Provided material: Begin
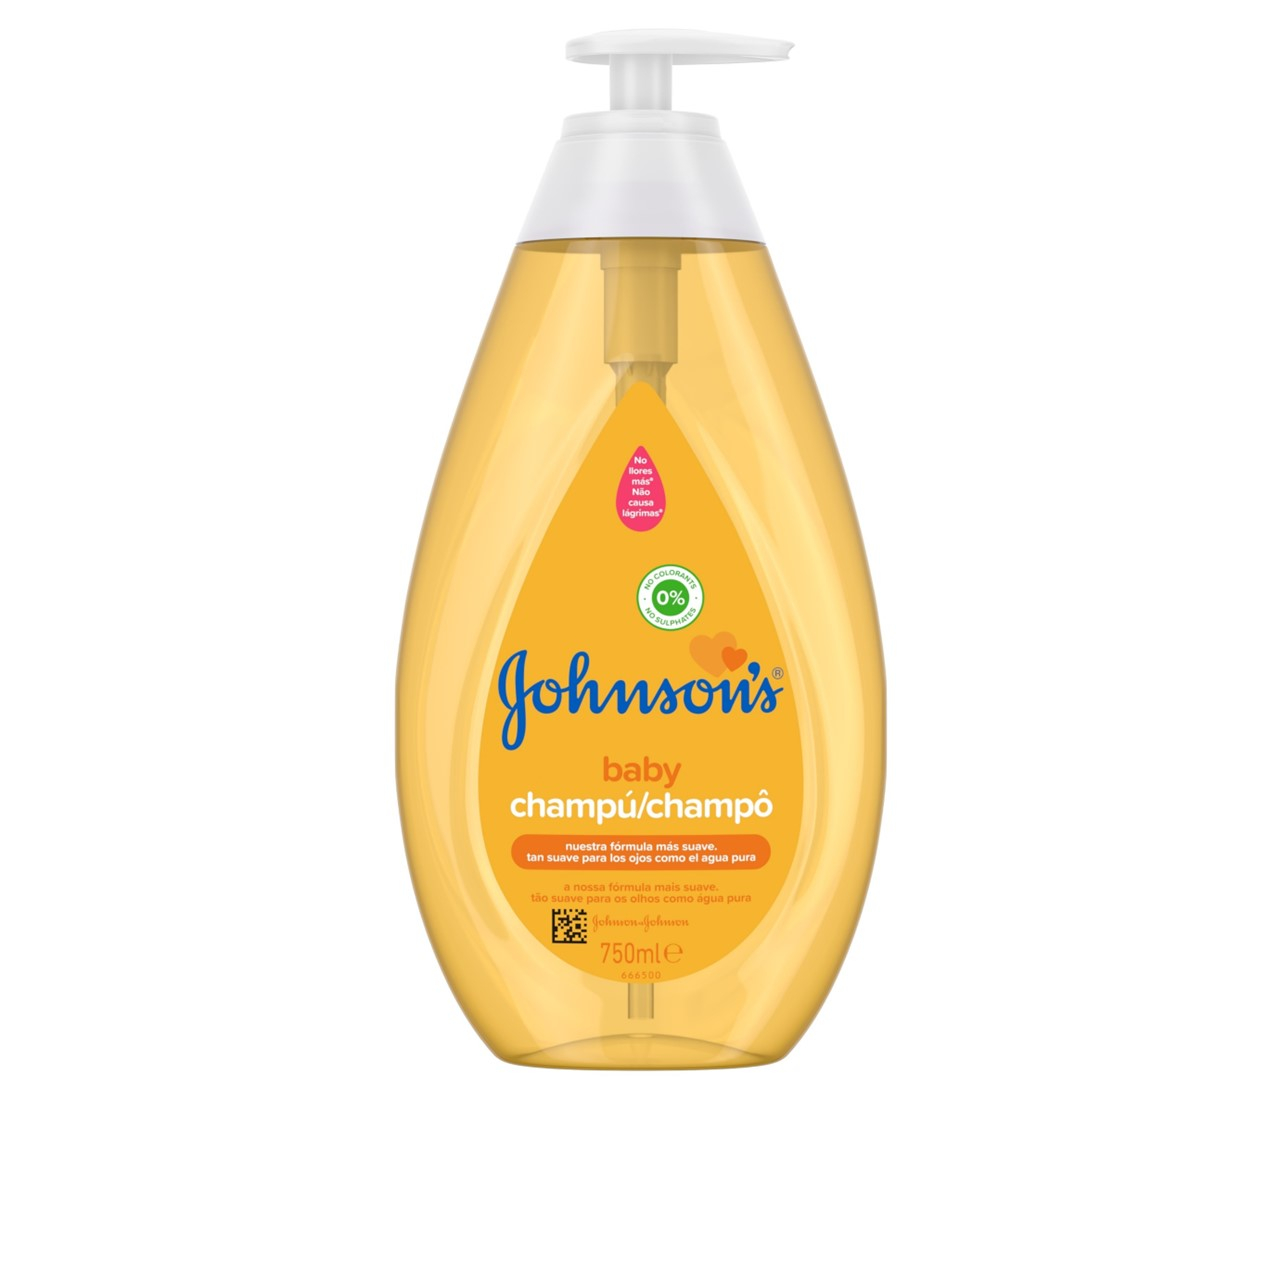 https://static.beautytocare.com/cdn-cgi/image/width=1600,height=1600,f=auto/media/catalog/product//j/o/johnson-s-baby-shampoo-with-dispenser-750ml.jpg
Provided material: End
Provided material: Begin
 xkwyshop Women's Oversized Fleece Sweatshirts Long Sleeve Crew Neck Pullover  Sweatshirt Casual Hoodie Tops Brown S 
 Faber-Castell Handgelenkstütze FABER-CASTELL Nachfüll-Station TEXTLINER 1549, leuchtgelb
Provided material: End
Provided material: Begin
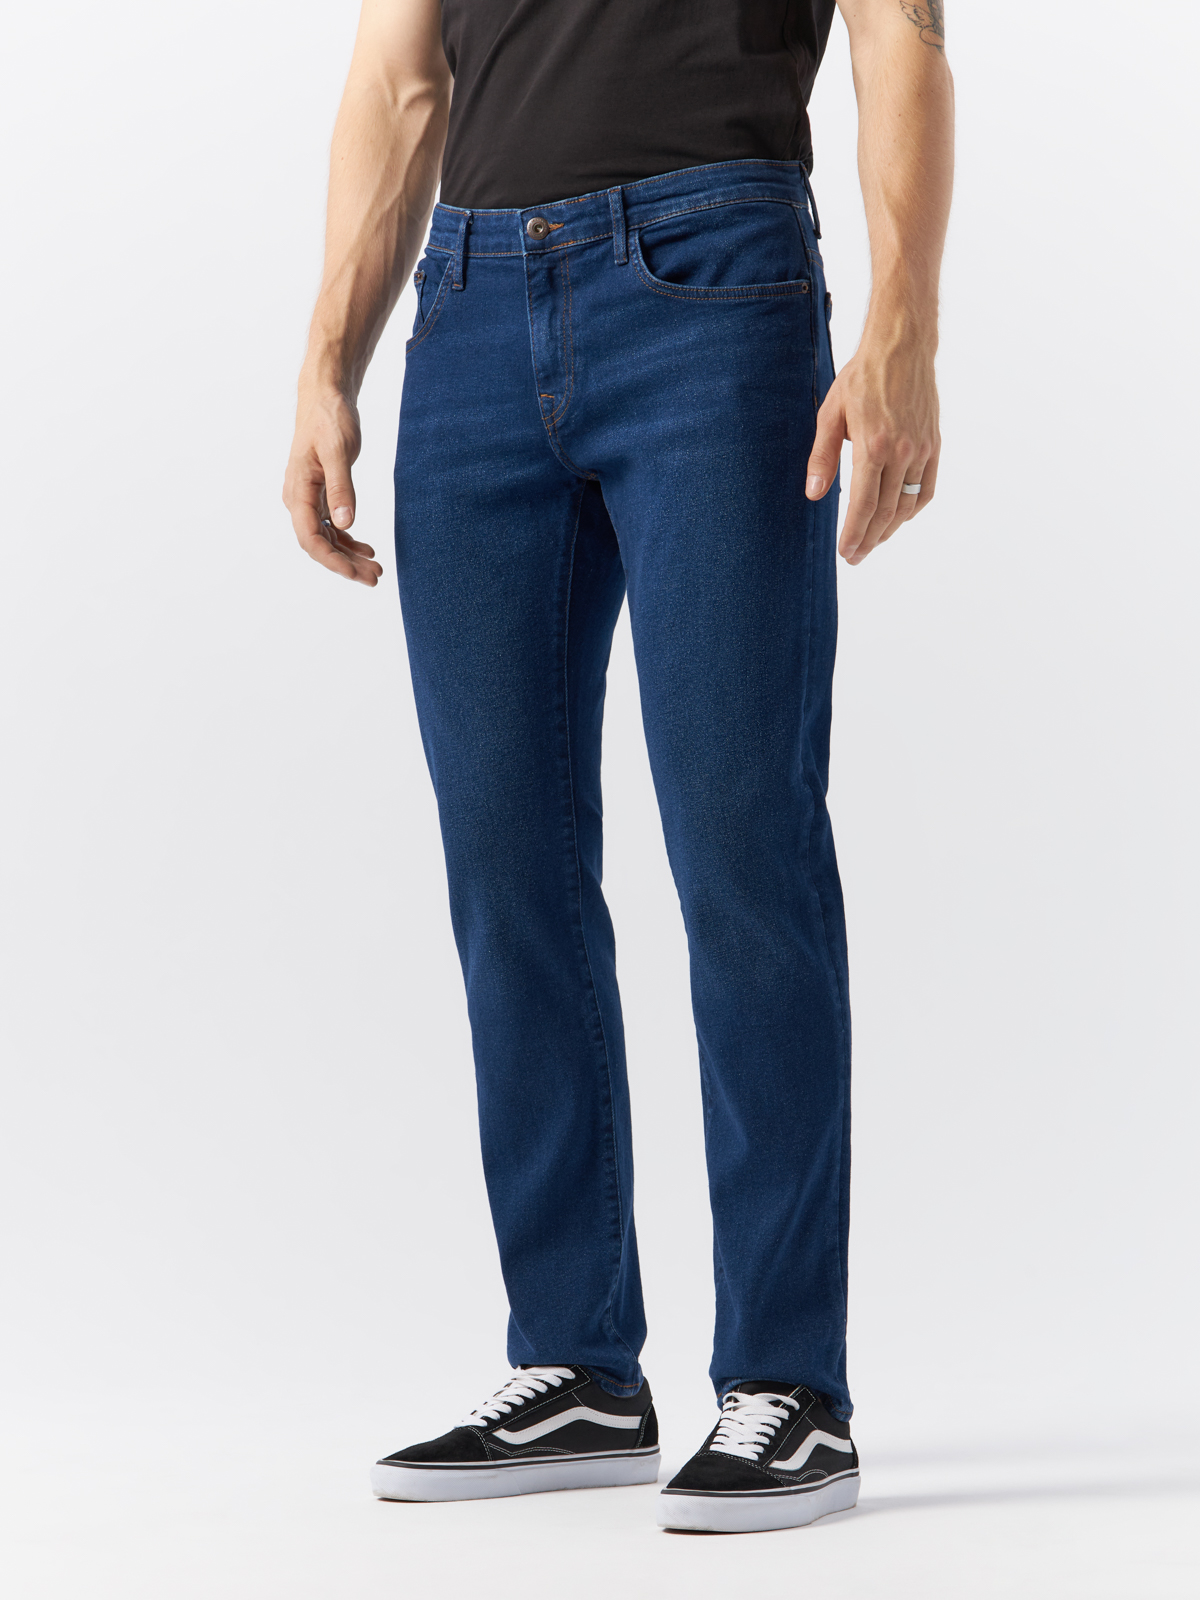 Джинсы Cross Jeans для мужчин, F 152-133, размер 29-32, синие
Provided material: End
Problem description:
There is a line with "xkwyshop Women's Oversized" and a line with "Faber-Castell Handgelenkstütze FABER-CASTELL" above. Copy exactly those two lines and all lines between them, with nothing else.

Result for this task:
 xkwyshop Women's Oversized Fleece Sweatshirts Long Sleeve Crew Neck Pullover  Sweatshirt Casual Hoodie Tops Brown S 
 Faber-Castell Handgelenkstütze FABER-CASTELL Nachfüll-Station TEXTLINER 1549, leuchtgelb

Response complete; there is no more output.